In [2]:
import pandas as pd
import json

# 1. CSV 파일 불러오기
df = pd.read_csv("test.csv", header=None)

# 2. 열 이름 지정
df.columns = ["상품ID", "문장ID", "원문", "무시", "aspect span", "opinion span", "sentiment"]

# 3. uid(상품ID_문장ID) 생성
df["uid"] = df["상품ID"].astype(str) + "_" + df["문장ID"].astype(str)

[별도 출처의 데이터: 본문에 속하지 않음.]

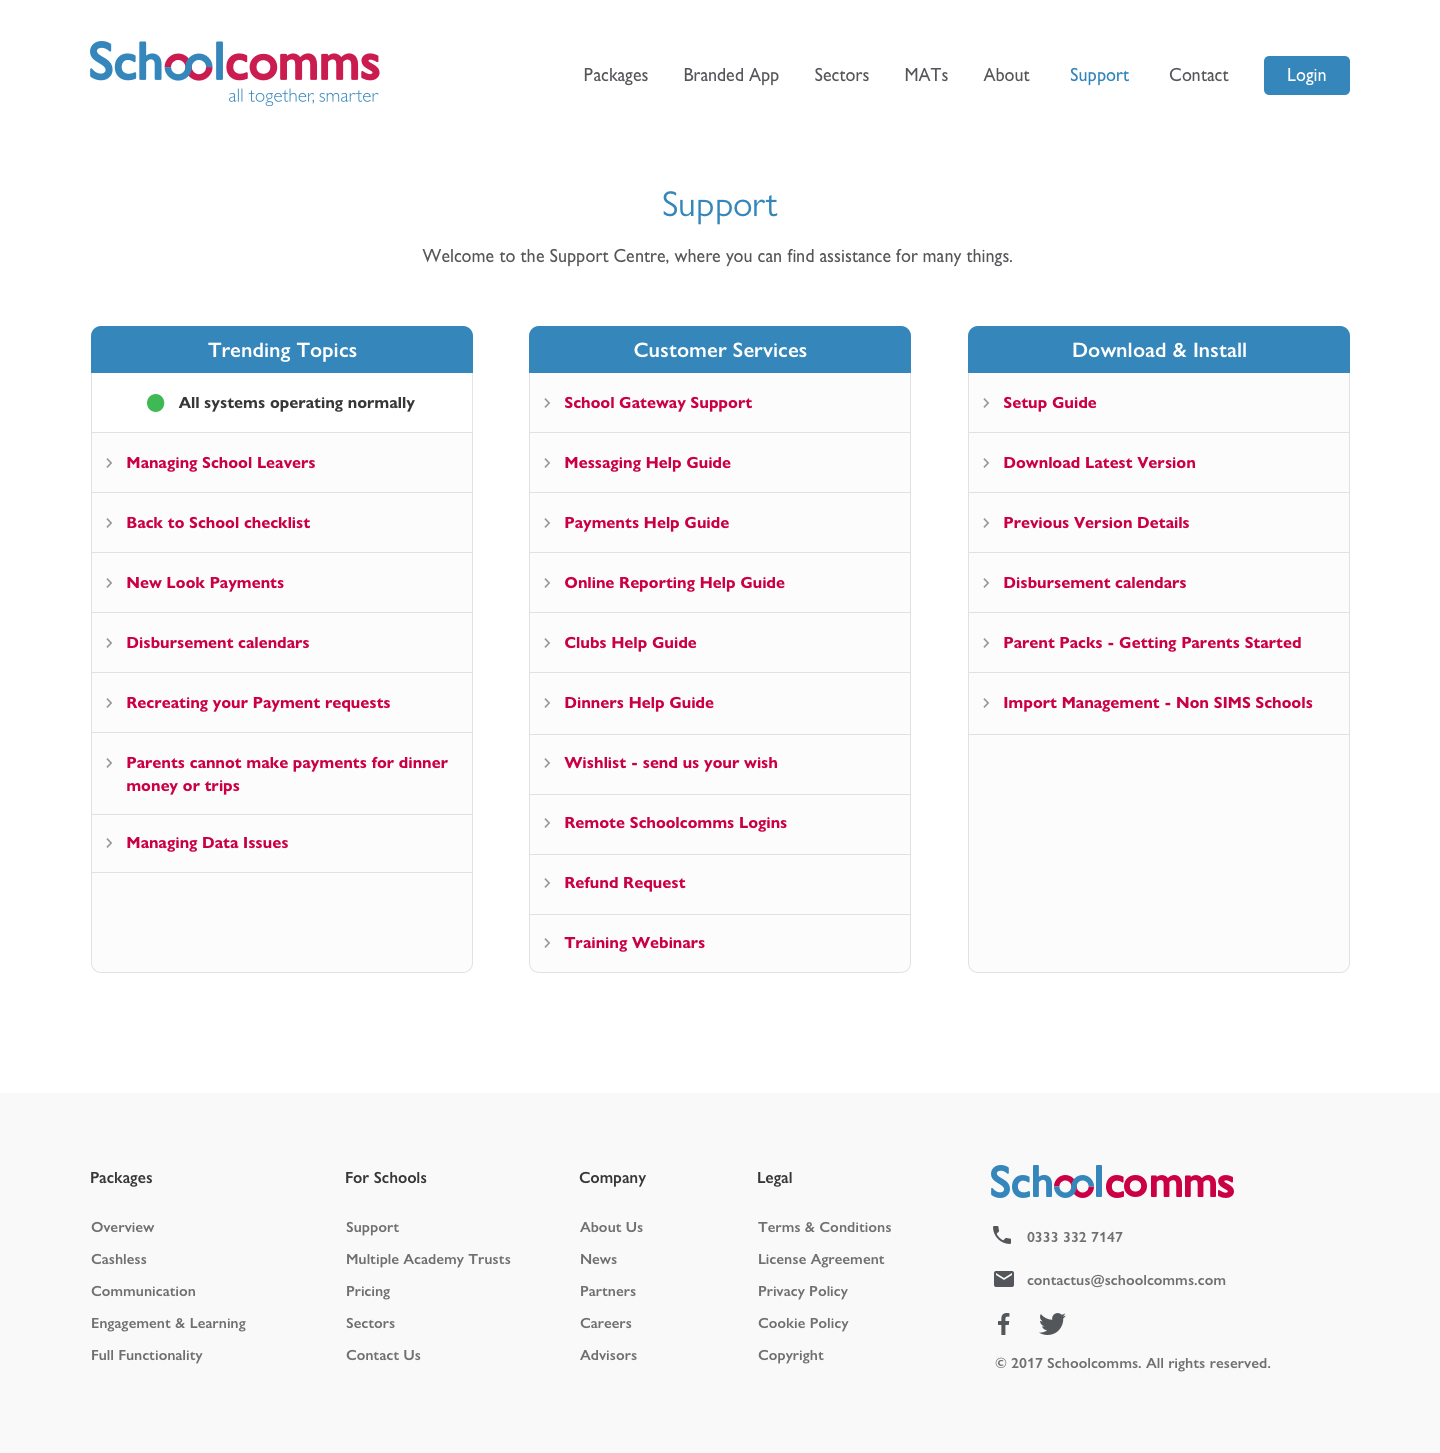 Schoolcomms support page design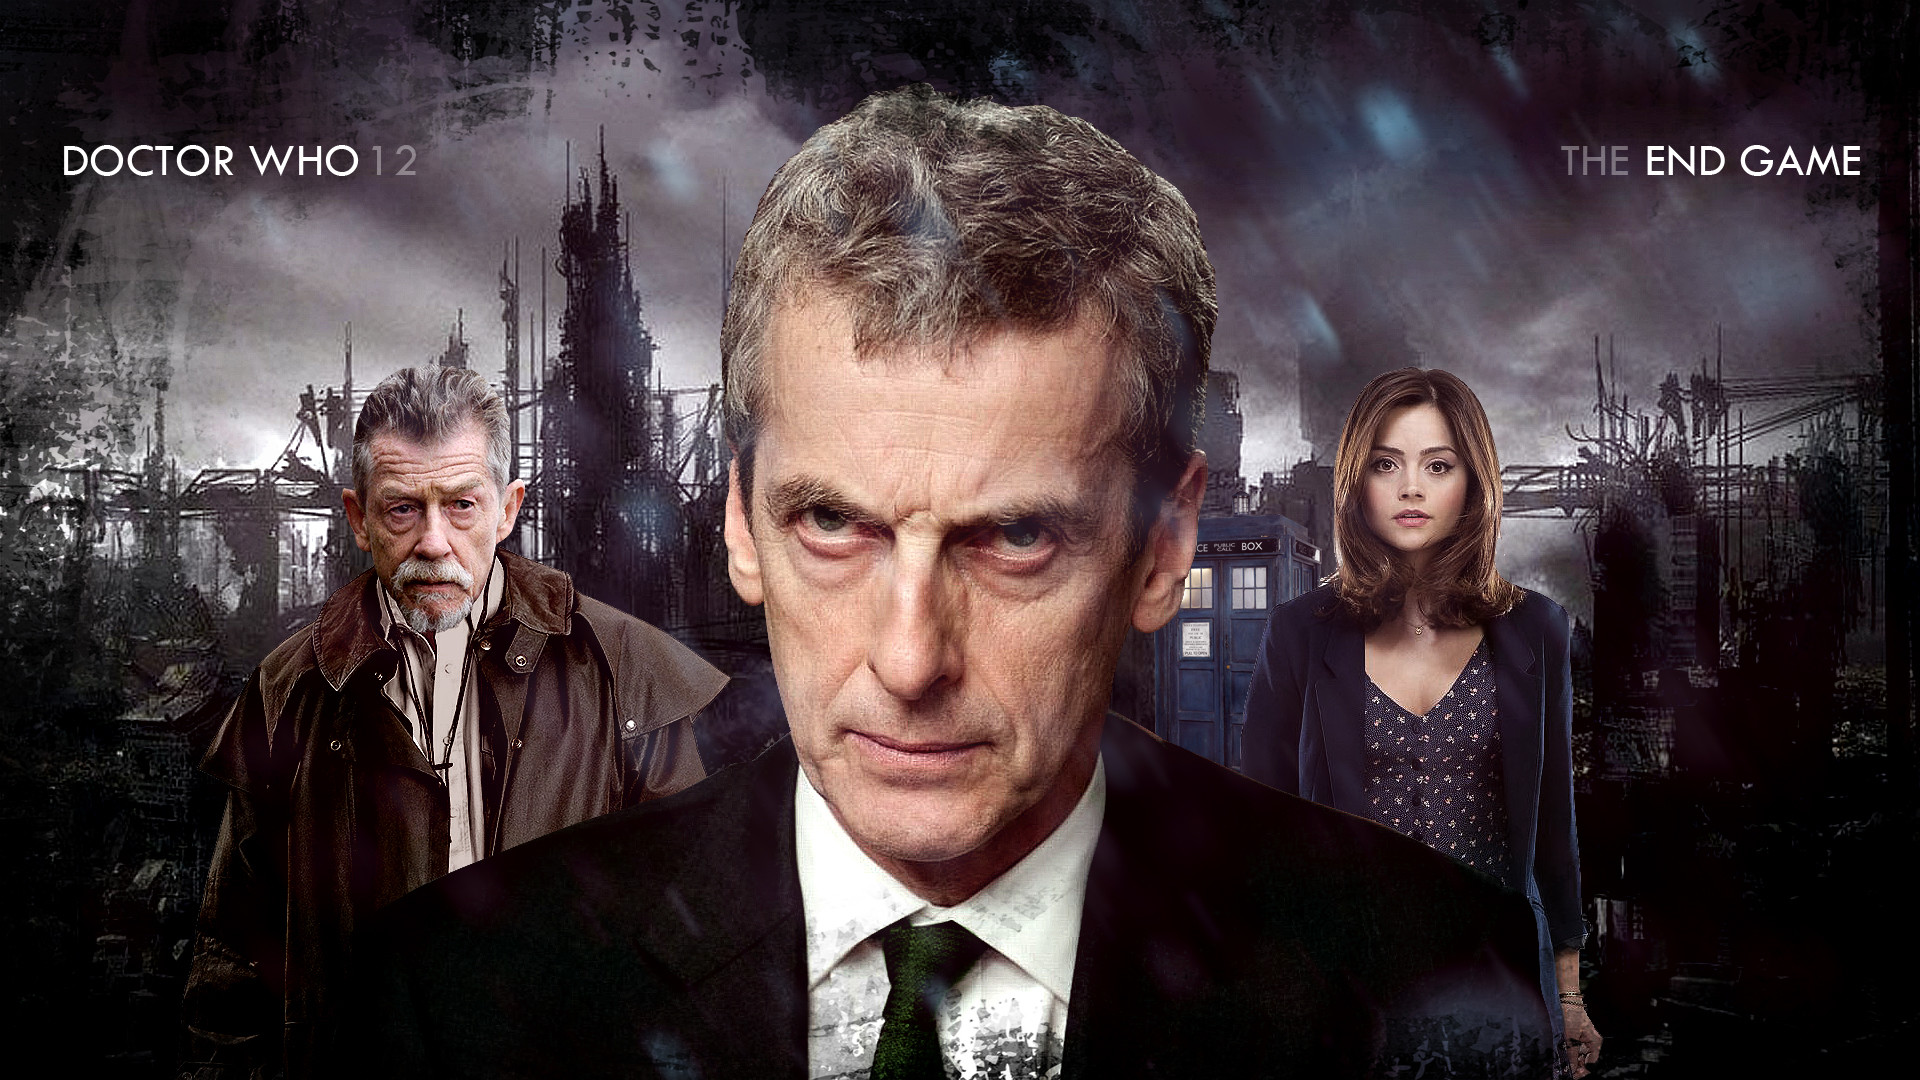 all 12 doctors wallpaper – photo #19. More Doctor Who fanart! The itch is  getting worse though.

# 4. sentiment → polarity 매핑 함수
def sentiment_to_polarity(sent):
    if sent == 1:
        return "POS"
    elif sent == 0:
        return "NEG"
    else:
        return "NEU"

# 5. 최종 딕셔너리 구조 생성
final_dict = {}

for product_id, group_df in df.groupby("상품ID"):
    product_dict = {}

    for uid, sub_group in group_df.groupby("uid"):
        sentence = sub_group.iloc[0]["원문"].strip()
        entry = {
            "sentence": sentence,
            "triples": []
        }

        for _, row in sub_group.iterrows():
            triple = {
                "aspect_span": row["aspect span"],
                "opinion_span": row["opinion span"],
                "polarity": sentiment_to_polarity(row["sentiment"])
            }
            entry["triples"].append(triple)

        product_dict[uid] = entry

    final_dict[str(product_id)] = product_dict

# 6. 결과 저장
with open("train.txt", "w", encoding="utf-8") as f:
    json.dump(final_dict, f, ensure_ascii=False, indent=2)

print("✅ train.txt 저장 완료!")


✅ train.txt 저장 완료!